CMS proposes a 2.4 percent increase to OPPS payment rates for hospitals that meet applicable quality reporting requirements. The agency said the update is based on the projected hospital market basket percentage increase of 3.2 percent, reduced by a 0.8 percentage point productivity adjustment. 

For CY 2026, using the hospital market basket update, CMS will also increase ASC rates by 2.4 percent for organizations that meet relevant quality reporting requirements. This update is based on the proposed IPPS market basket percentage increase of 3.2 percent, reduced by 0.8 percentage points for the productivity adjustment.

Inpatient-only list

CMS plans to eliminate the inpatient-only list, which includes services that Medicare will only pay for when performed in an inpatient setting, to give Medicare beneficiaries more choices for where they can obtain care and lower out-of-pocket expenses.
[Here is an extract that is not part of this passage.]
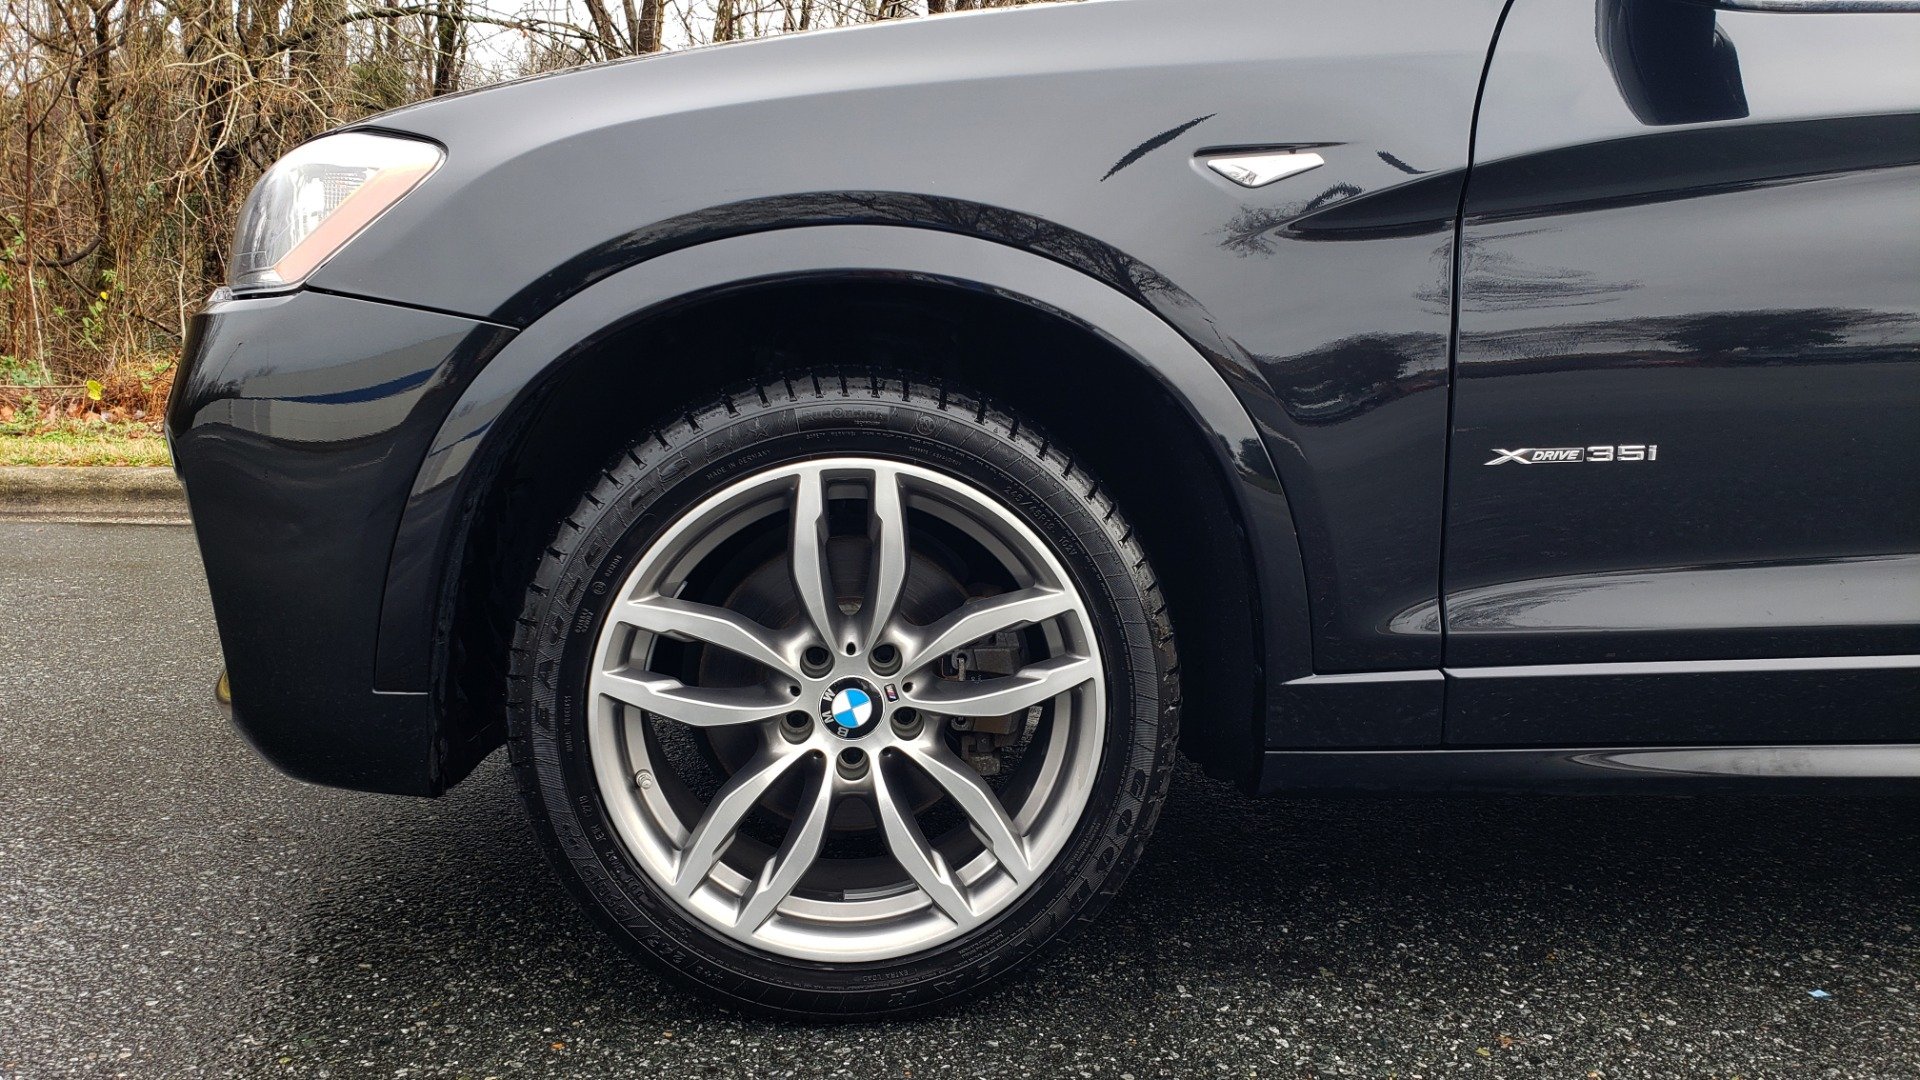 Used 2017 BMW X3 XDRIVE35I M-SPORT / DRVR ASST PLUS / TECHNOLOGY / HUD / BLIND SPOT for sale Sold at Formula Imports in Charlotte NC 28227 74

The agency plans to phase out the inpatient-only list over a three-year period, beginning with removing 285 mostly musculoskeletal procedures for CY 2026. CMS said it believes that the evolving nature of the practice of medicine allows more procedures to be performed on an outpatient basis with a shorter recovery time.

This proposal would allow for these services to be paid by Medicare in the hospital outpatient setting when determined to be clinically appropriate, giving physicians greater flexibility in determining the most appropriate site of service.